Teori Gunung Es dalam K3 | Iceberg Theory Keselamatan Kesehatan Kerja

Teori Gunung Es dalam K3 | Iceberg Theory Keselamatan Kesehatan Kerja

Teori Gunung Es dalam K3 adalah teori yang melukiskan bahwa pengaruh negatif berasal dari kecelakaan kerja tidak cuma berakibat terhadap biaya langsung namun termasuk terhadap biaya tidak langsung

Teori Gunung Es dalam K3 ( keselamatan dan kesegaran kerja) atau dalam Bahasa Inggris disebut dengan “iceberg theory” adalah teori yang melukiskan bahwa kerugian yang diakibatkan oleh kecelakaan kerja tidak cuma disebabkan oleh biaya langsung namun termasuk disebabkan oleh biaya tidak langsung. Dalam postingan ini, kami bakal mengulas berkenaan histori teori gunung es dalam K3, penjelasan teori tersebut, dan tinjauan teori selanjutnya berdasarkan perkembangan pengetahuan terkini.

Versi video penjelasan gunung es K3 sanggup dicermati dalam video berikut

Sejarah Teori Gunung Es dalam K3 teori gunung es
Heinrich (1959) memulai riset berkenaan biaya kecelakaan terhadap tahun 1920, dia menyatukan data berasal dari lebih 75.000 kasus. Dia menyimpulkan bahwa biaya tidak langsung (indirect cost) sebesar 4 kali lipat dibandingkan dengan biaya langsung (direct cost).
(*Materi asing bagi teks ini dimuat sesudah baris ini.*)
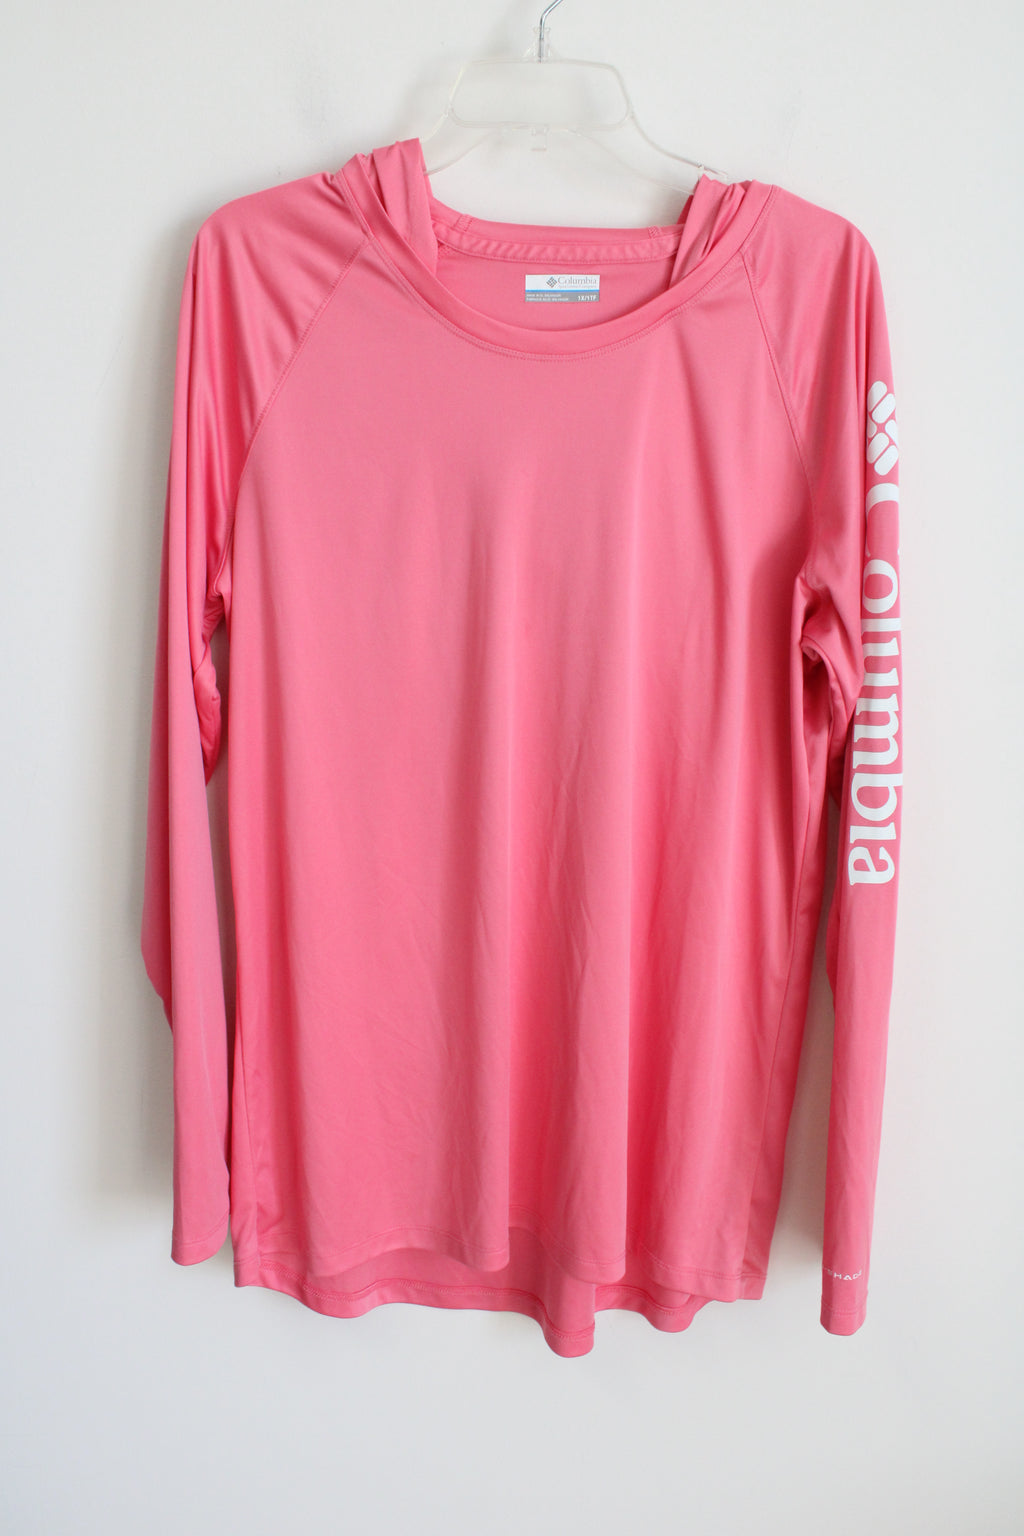 Columbia Sportswear Athletic Pink Hoodie | XL
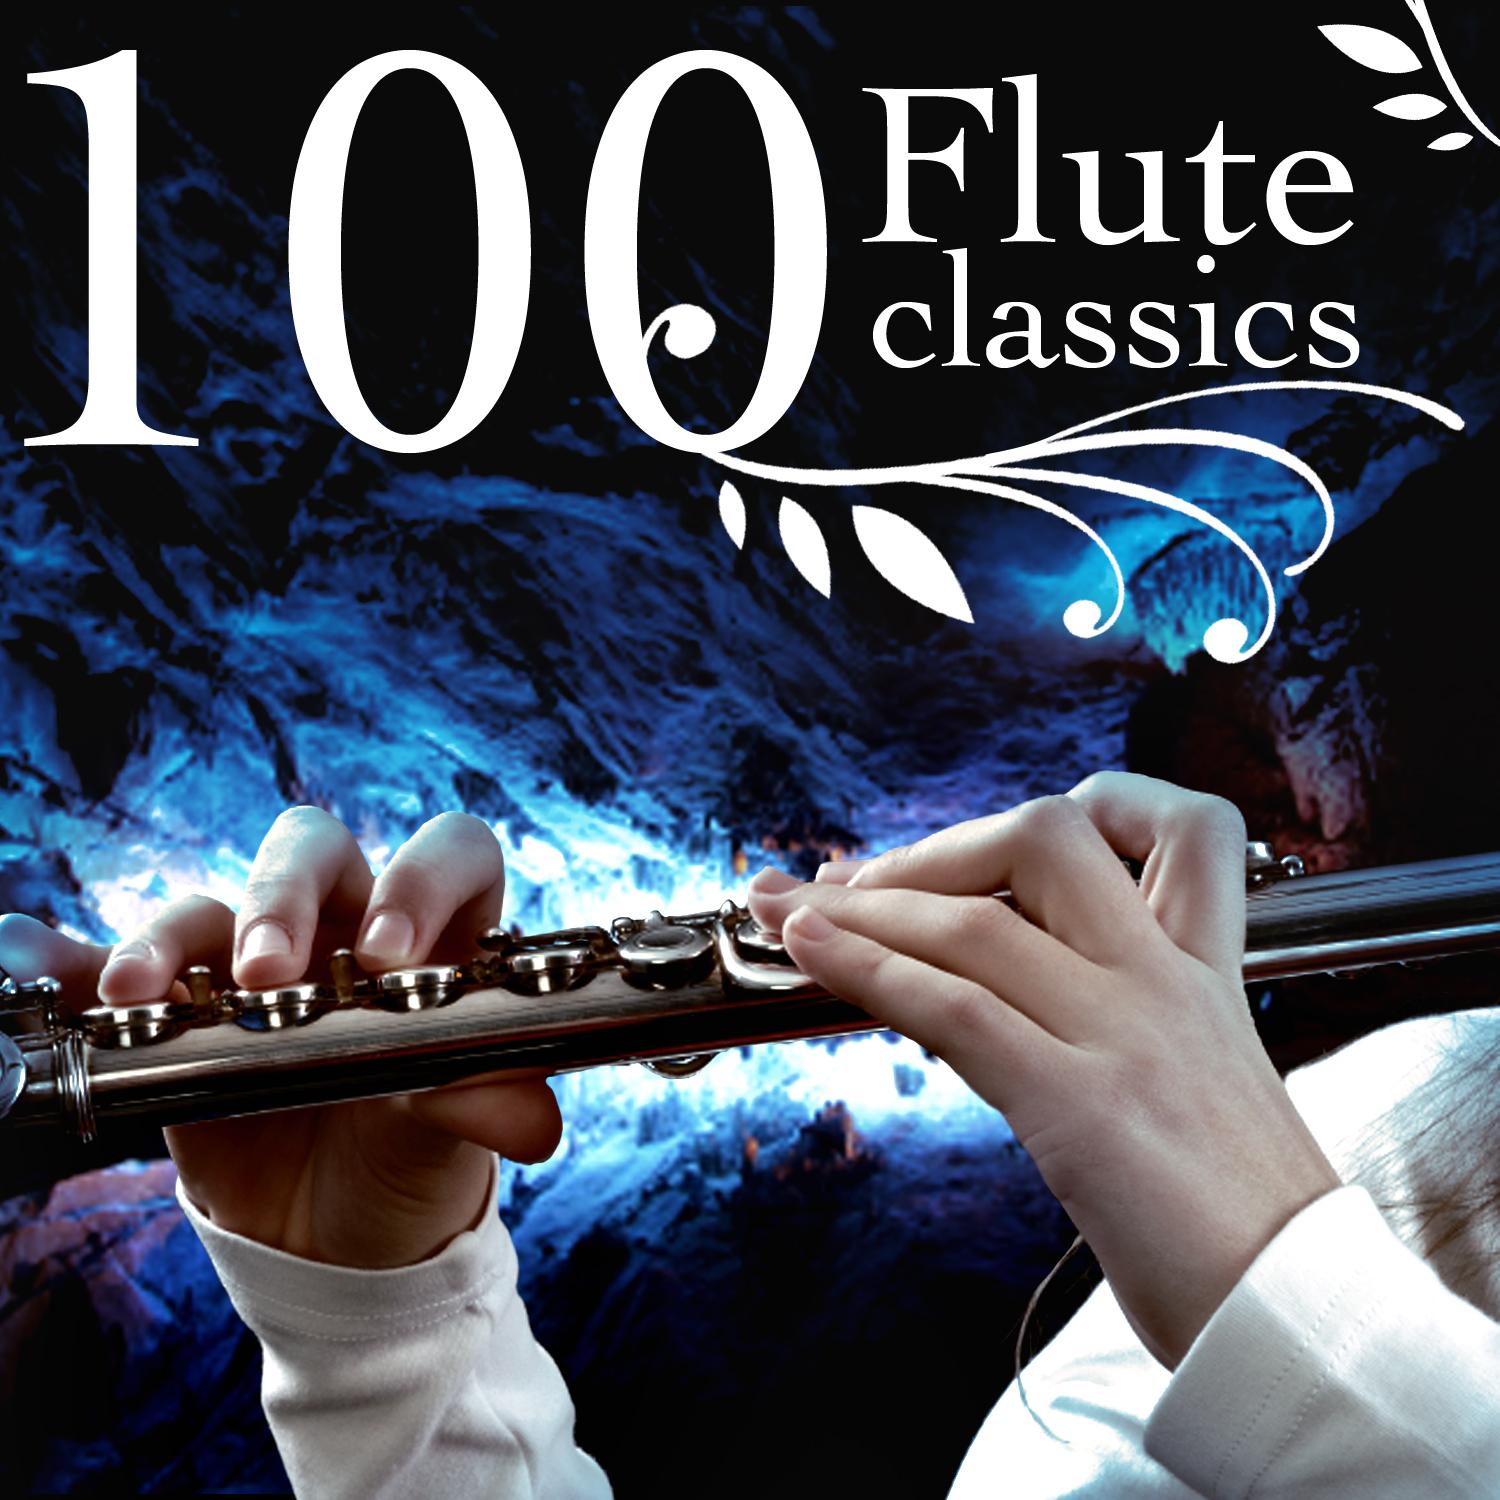 Flute Concerto In D, Op. 10 No. 3, RV 428, "Il Gardellino" - I. Allegro

Karena sangat sederhana, rasio 4:1 ini banyak dipakai dalam safety management.

Biaya tersembunyi lebih mengerti diekspresikan dalam “gunung es biaya kecelakaan” (Bird 1974). Gunung es selanjutnya membuktikan bahwa proporsi berasal dari biaya tersembunyi sanggup menjadi lebih besar daripada biaya langsung yang diakibatkan oleh kecelakaan. Biaya langsung berasal dari kecelakaan sanggup diestimasikan tergantung penyebab berasal dari kecelakaan, sedang biaya tidak langsung sangat susah diidentifikasi dan sering menjadi halangan dalam memprediksi total biaya berasal dari kecelakaan.

Bird dan Germain (1966) mengajukan perkiraan biaya kecelakaan berdasarkan ledger costs (buku catatan pengeluaran). Ledger costs berasal dari kecelakaan dihitung berasal dari kompensasi pekerja (seperti medis, legal, dan upah berkaitan dengan kecelakaan), perbaikan peralatan dan kerusakan produk. Untuk keperluan akunting, komposisi berasal dari biaya tidak langsung sangat rumit supaya tidak sanggup dihitung dalam buku catatan pengeluaran. Elemen seperti investigasi kecelakaan, pelatihan untuk penggantian pekerja atau pengaruh memproduksi tidak sanggup ditemukan dalam buku pengeluaran manapun dan tidak ditulis secara secara eksplisit.

Simonds dan Grimaldi (1963) mengajukan ide baru yang tidak menggunakan “biaya langsung” dan “biaya tidak langsung” namun dengan membagi biaya akibat kecelakaan menjadi insured biaya dan uninsured biaya (biaya terasuransi dan biaya tak terasuransi). Alasannya adalah karena ada unsur subjektivitas dalam penentuan apakah biaya kecelakaan sanggup menjadi sebuah biaya langsung ataupun tidak langsung. Sebagai contoh, memproduksi sanggup sangat terganggu kecuali kecelakaan terjadi namun masalah memproduksi selanjutnya sanggup dikelompokan sebagai biaya langsung ataupun tidak langsung tergantung personil yang mengalokasikan biaya. Simonds dan Grimaldi termasuk berpikiran bahwa indirect biaya tidak perhitungkan sebagian faktor dalam kecelakaan seperti biaya berasal dari asuransi yang dibayarkan berasal dari asuransi ke karyawan dan premi yang dibayarkan oleh perusahaan ke perusahaan asuransi.

Penggunaan makna “biaya langsung dan tidak langsung” memaksa kami untuk pilih jalinan kausal berasal dari biaya kecelakaan kepada kecelakaan itu sendiri. Sedangkan, biaya terasuransi dan biaya tidak terasuransi (insured biaya dan uninsured cost) cuma fokus kepada cash flow yang terganggu akibat kecelakaan. Sebuah studi di Amerika Serikat tahun 1992 mengatakan bahwa biaya kecelakaan adalah 3.5 kali berasal dari biaya medis. Biaya kecelakaan yang dihitung selanjutnya udah memperimbangkan biaya berasal dari pemberi kerja, pekerja dan pemerintah.